3. Start the flow of the sample gas to the sensor.

4. Allow the oxygen sensor to remain in the flow of the sample gas until stable.

5. If the Handi+ is not already turned on, do so now by pressing the analyzer ON button .

6. Read the value displayed on the LCD.
   NOTE : If the Handi+ is used to measure the oxygen concentration with equipment using a heated or humidified gas stream, it is recommended that the Handi+ be placed upstream of the heater and/or humidifier. For more information, refer to “Factors Influencing Calibration and Performance” below.
   For hospital and home care a new calibration is required when:
   • The measured O2 percentage in 100% O2 is below 97.0% O2
   • The measured O2 percentage in 100% O2 is above 103.0% O2.
   For ID testing (or optimum accuracy), a new calibration is required when:

7. The measured O2 percentage in 100% O2 is below 99.0% O2.

8. The measured O2 percentage in 100% O2 is above 101.0% O2.

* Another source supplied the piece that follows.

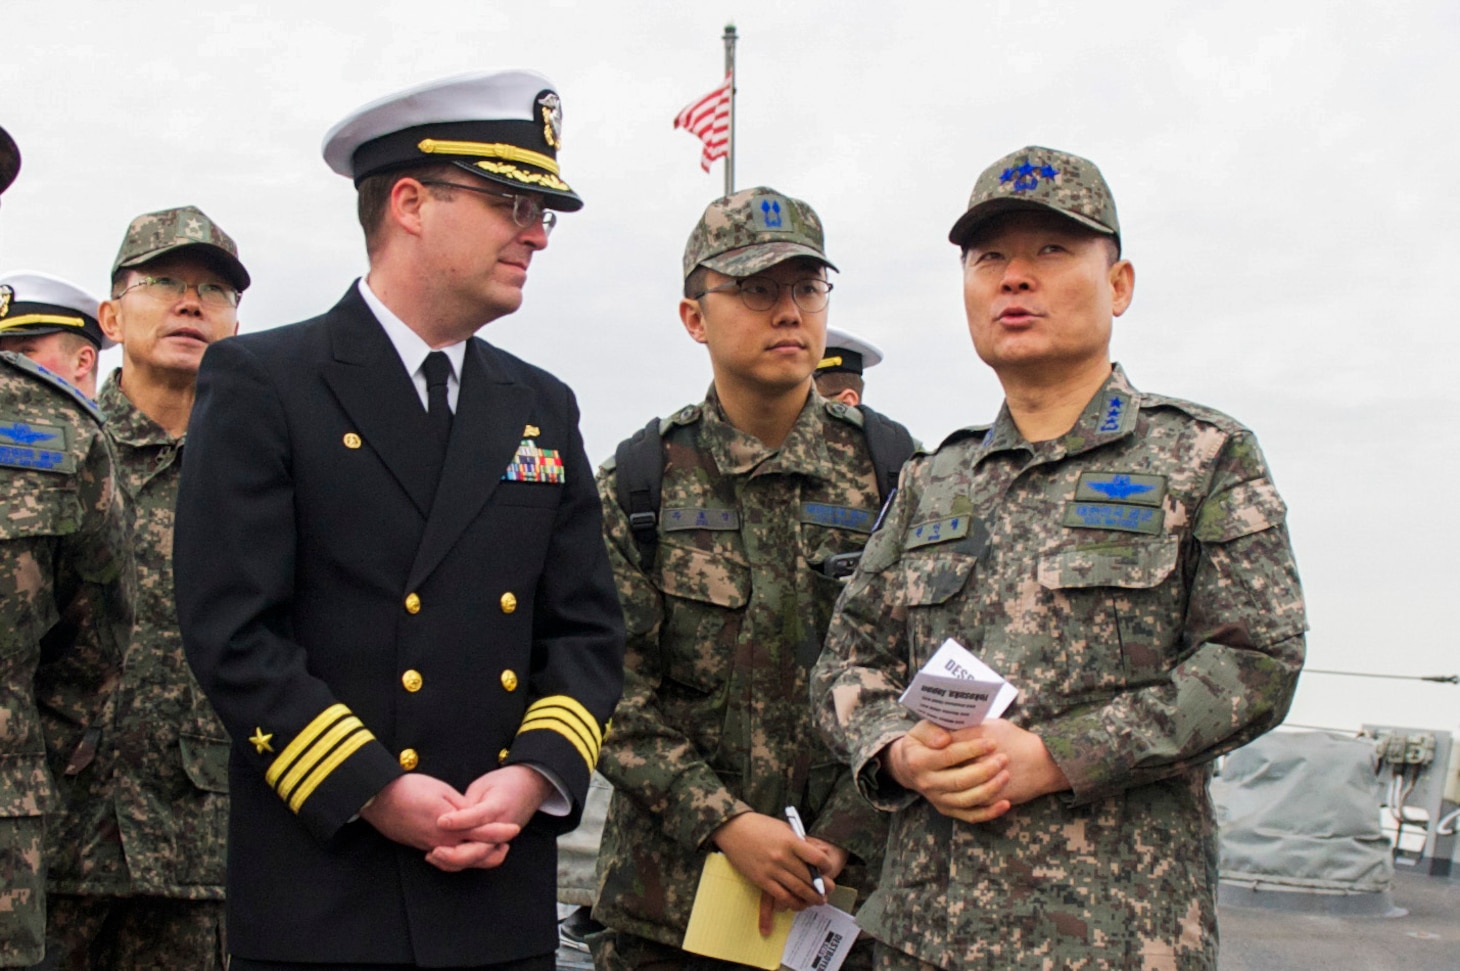 YOKOSUKA, Japan (Jan. 15, 2019) Cmdr. William C. Blodgett, the commanding officer of the Arleigh Burke-class guided-missile destroyer USS Barry (DDG 52) and Lt. Gen. Inchoul Won, vice chairman of the Republic of Korea Joint Chiefs of Staff speak during a ship tour aboard Barry. Barry is forward-deployed to the U.S. 7th Fleet area of operations in support of security and stability in the Indo-Pacific region. (U.S. Navy photo by Mass Communication Specialist 3rd Class Codie L. Soule)

FACTORS INFLUENCING ACCURATE READINGS

Elevation Changes

• Changes in elevation result in a reading error of approximately 1% of reading per 250 feet.
• A change in altitude greater than 500 ft will require sensor recalibration. · This device does not automatically compensate for changes in barometric pressure or altitude. If the device is moved to a location of a different altitude, it must be recalibrated before use (see section 2.2).

Temperature Effects

The Handi+ will hold calibration and read correctly within ±3% when in thermal equilibrium within the operating temperature range. The device must be thermally stable when calibrated and allowed to thermally stabilize after experiencing temperature changes before readings are accurate. For these reasons, the following is recommended:

• When used in a breathing circuit, place the sensor upstream of the heater.
• For best results, perform the calibration procedure at a temperature close to the temperature where analysis will occur.
• Allow adequate time for the sensor to equilibrate to a new ambient temperature.

Pressure Effect

Readings from the Handi+ are proportional to the partial pressure of oxygen. The partial pressure is equal to the concentration times the absolute pressure. Thus the readings are proportional to the concentration if the pressure is held constant. Flow rate of sample gas can affect pressure at the sensor in that back pressure at the sensing point may change. For these reasons, the following is recommended:

• Calibrate the Handi+ at the same pressure as the sample gas.
• If sample gases flow through tubing, use the same apparatus and flow rates when calibrating as when measuring.
• The Handi+ oxygen sensor has been validated at pressures up to 2 atmospheres absolute. Calibration or operation above this pressure is beyond the intended use.

Humidity Effect

Humidity has no effect on the performance of the Handi+ other than diluting the gas, as long as there is no condensation. Depending on the humidity, the gas may be diluted by as much as 4%, which proportionally reduces the oxygen concentration. The device responds to the actual oxygen concentration rather than the dry concentration. Environments where condensation may occur are to be avoided since condensate may obstruct passage of gas to the sensing surface, resulting in erroneous readings and slower response time.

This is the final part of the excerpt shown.